# Where to leave him when on vacation



## Artemis-Ichiro (Jan 22, 2016)

Since I like to plan in advance, I would like what would be a better idea. 

We'll be going on vacation during summer for 2 weeks. My options for Ichiro are:

1. Leaving him at my friend's house, she loves animals, she has owned iguanas, cats, dogs but never a hedgehog, so I'd have to teach her everything. 

2. The breeder has pet sitting for hedgies bought from them, Ichiro was well socialized and is the sweetest thing. 

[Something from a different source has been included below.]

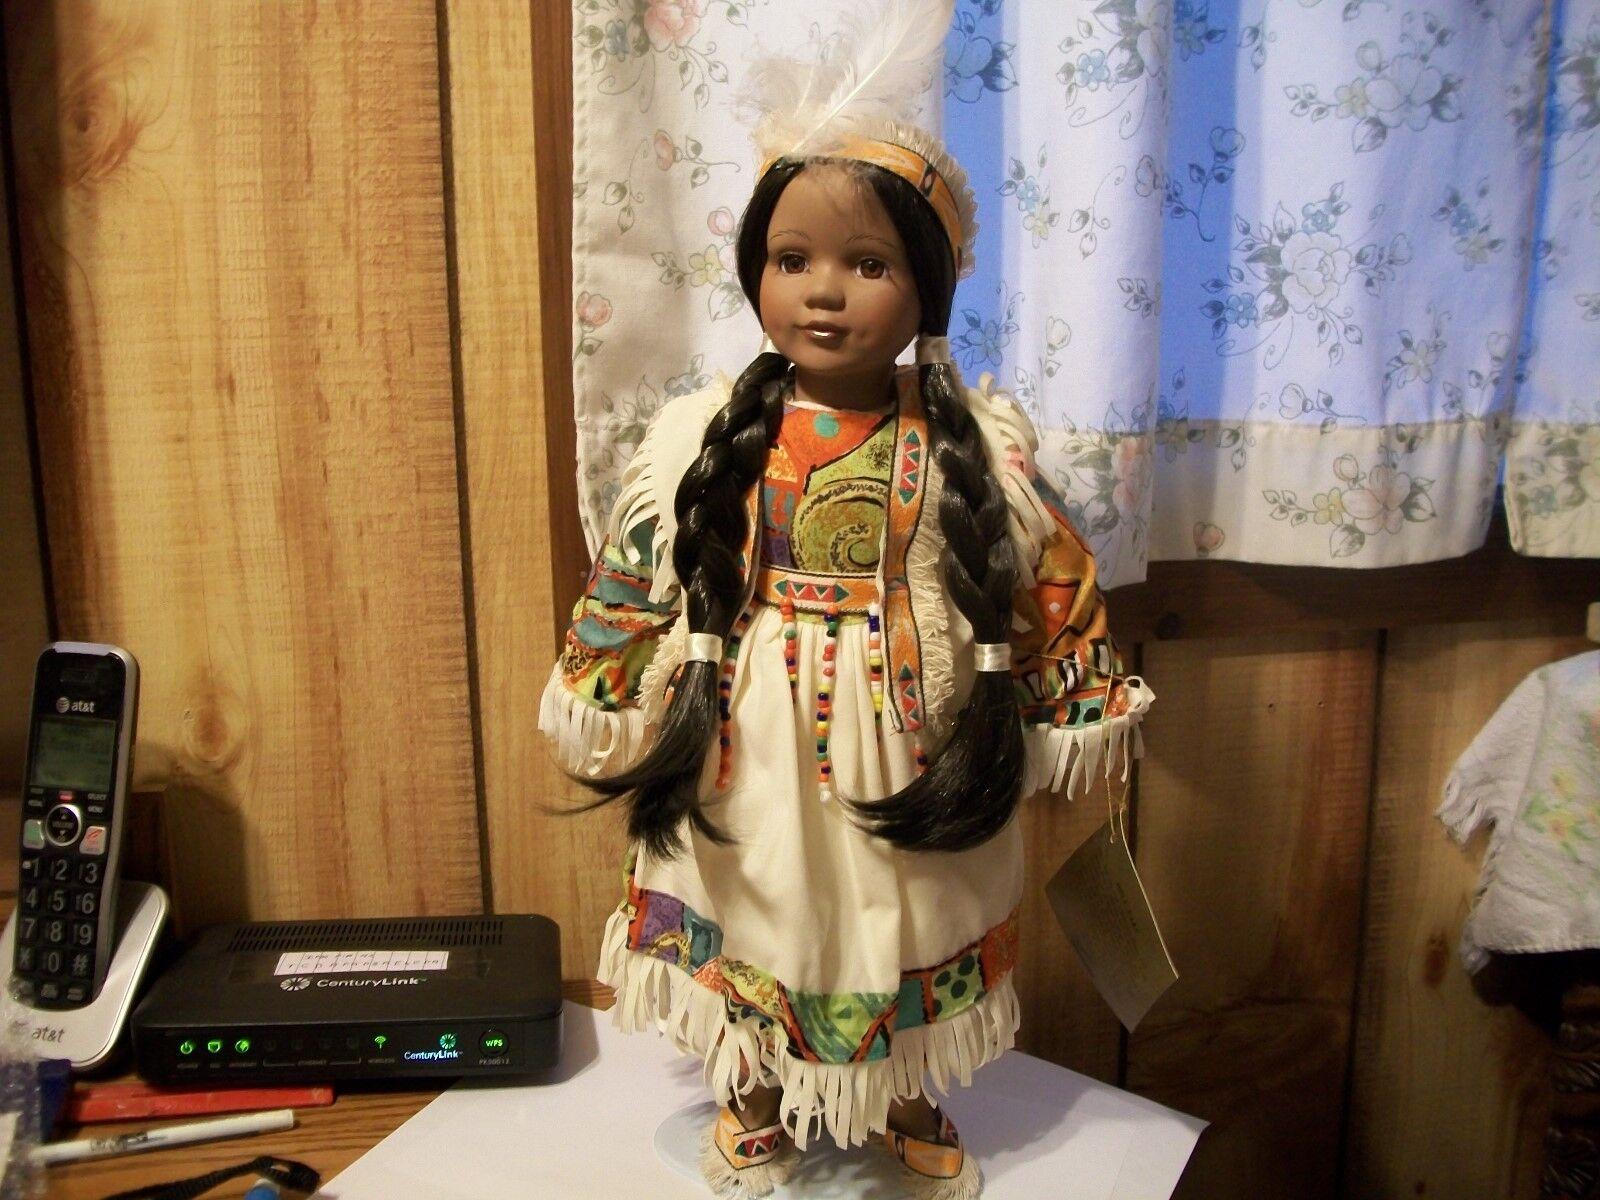 16  Seymour Mann connisseur indio muñeca con soporte de metal-Hermoso

Where would you leave your hedgie?


----------



## nicole92 (Dec 21, 2015)

I think it depends on how much you trust your friend. I go away for 1-2 nights fairly often (every other weekend sometimes) and I am completely comfortable leaving my hedgehog in my roommates care while I am gone as I know she will take good care of him, feed gim, play wth him, and give him meds when he needs it. However if I were going away for more than a night or two I may consider the breeder as I don't want to force my roommate to be responsible for my pet if it would conflict with her doing other things - ie. not being able to go away for a night as she has to watch my hedgehog.
Talk with your friend. If your friend is willing and able to keep your hedgehog and you feel you can trust them to take good care, I'd say go for it. If you doubt it at all, it doesn't hurt to board. The breeder is definitely reliable as they provided you with a happy, healthy hedgehog and, as a breeder, they have more than one hedgehog already in their care so I'm sure adding yours won't be much extra to care for. The breeder would also habe a better idea of 'nomal' hedgehog behavior so would be able to spot anything out of the ordinary if things were to go wrong while you were gone.
Good luck, and good for you for thinking so far in advance to keeping your hedgie happy and healty!


----------



## nikki (Aug 28, 2008)

My only question about leaving him with the breeder is will they keep him in a separate room from their hedgehogs? Even though you got him from them he should be kept separate.


----------



## Artemis-Ichiro (Jan 22, 2016)

That question was in my list. Any other questions you might think of?


----------



## twobytwopets (Feb 2, 2014)

Time constraints is an issue no matter who watches your hedgehog. 
Having anyone with a hedgehog in their home watch your, I'd have them explain their quarantine policy/procedure. And keep in mind that their answer could be lip service. 
Teaching a person from square one can sound like a lot of work, however they generally don't have bad or outdated information that needs corrected.


----------